Young Aspiring Singer


Fig. 42.1

Parents influence their child’s performance in many ways. (Original illustration by Joey Phyland)



Young Singers in the Professional Entertainment Industry


With the global success of television talent shows such as The Voice, Idol, and Got Talent and the explosion of social media in recent times, the performing child as ‘star’ has become increasingly more celebrated [5]. Similarly, in the music theatre genre, many of the shows introduced this century such as Billy Elliot, Matilda, and School of Rock feature children as central to the plot and can even involve a larger number of children than adults in the cast. Along with evergreen shows such as Oliver! and Annie, these professional productions now abound worldwide, and audiences embrace the child as a key performer in the story-telling. Perhaps as a direct reflection of the increased prevalence of children performing in these various contexts, we have also witnessed a boom of commercial enterprises such as talent training and performing arts schools focusing on both the child and adolescent performer.
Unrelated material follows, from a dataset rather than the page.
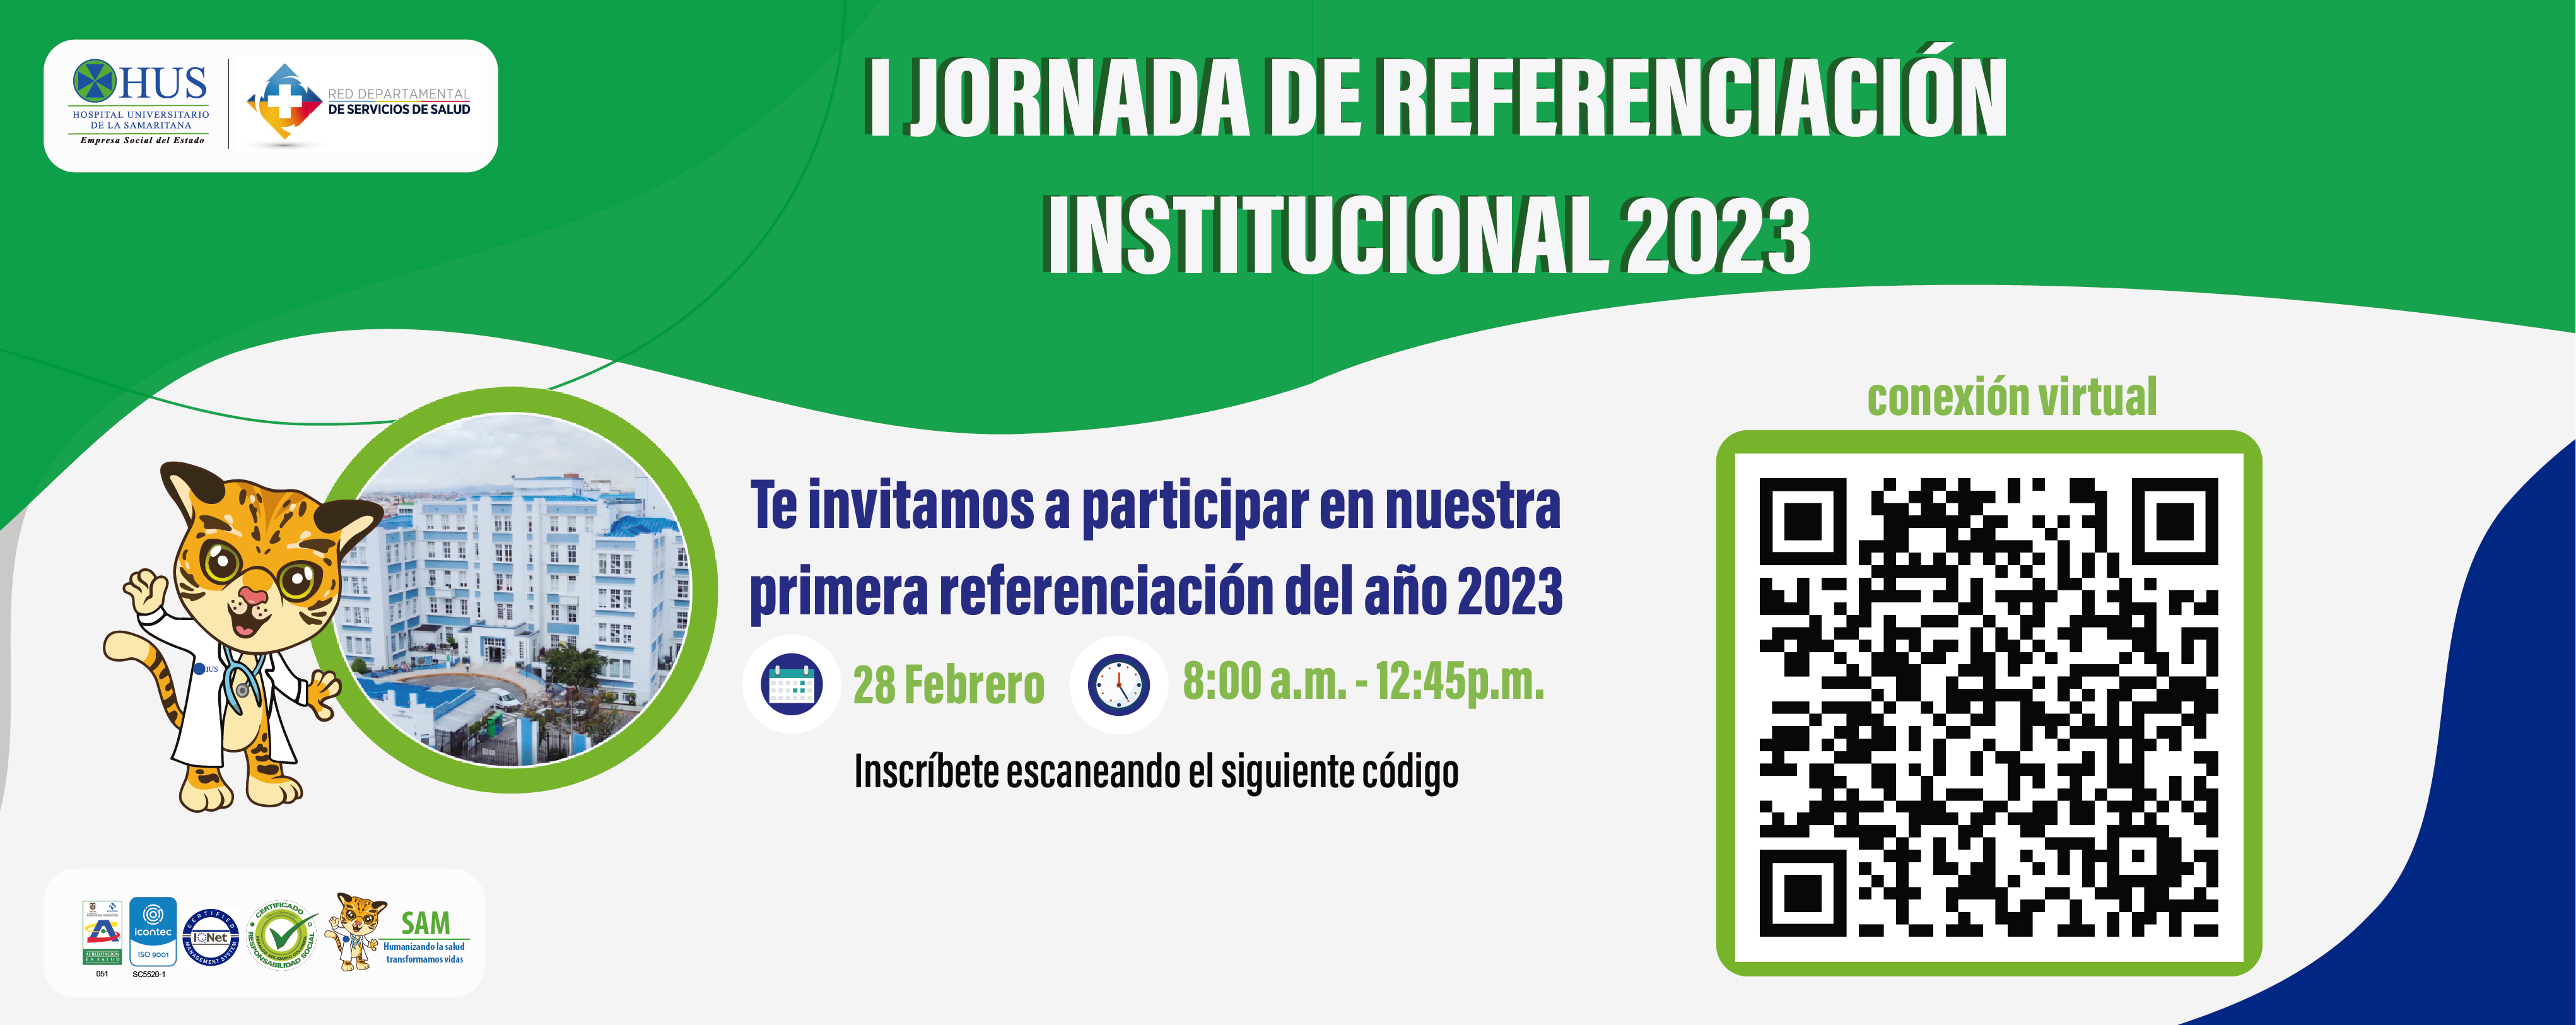 I JORNADA DE REFERENCIACION INSTITUCIONAL 2023

Although it is beyond the scope of this chapter to muse on the potential benefits and downsides of children working in the entertainment industry, it is important to recognise there can be psychosocial, logistic, and developmental implications. Workplace regulations and child employment laws vary enormously across and within countries [6, 7], but performer children may work long shift hours, be highly scheduled, become dependent on external validation, suffer fatigue, experience performance anxiety, and also miss out on childhood and educational experiences for production seasons that can last for months and even years. Of course, on the other hand, children can thrive in this environment, develop a stronger sense of self-esteem and social inclusion, and be well rewarded financially and psychologically for their hard work and talents. When clinically assessing and managing these children’s voices, it is prudent to consider these performance-related factors and their potential impact on the vocal apparatus.


Other Singing Contexts


Young choirs, glee clubs, and student musical productions also abound in schools and in local community as part of our contemporary culture. For some children, singing is a compulsory school activity, whereas others may seek involvement and performance opportunities in school or external contexts such as cathedral and worship choirs, community theatre, busking, concerts, cultural events, and the like. They may sing with specific or mixed age groups and genders, with several different groups in school and with outside organisations, and with repertoire that may or may not be age-appropriate or easily achievable in terms of their vocal range, pitch, loudness, and style. In our experience, young singers may try to emulate adult voice characteristics or be placed or maintain singing within a vocal range or voice category that does not reflect their potentially changing tessitura (e.g. a transitioning boy soprano continuing to sing treble when undergoing mutation). The child singing in the school concert or musical production may be regularly instructed to sing louder or required to ‘binge’ sing during technical week, without adequate preparation for vocal fitness. For some, the vocal load can be extreme, and the vocal techniques adopted to achieve the vocal demands may be maladaptive and potentially injurious to vocal health. For other children, their natural singing capabilities and competencies are extended by positive vocal experiences along with increasing maturity – it is these children that perhaps achieve greater singing success for reasons other than simply ‘survival of the fittest’.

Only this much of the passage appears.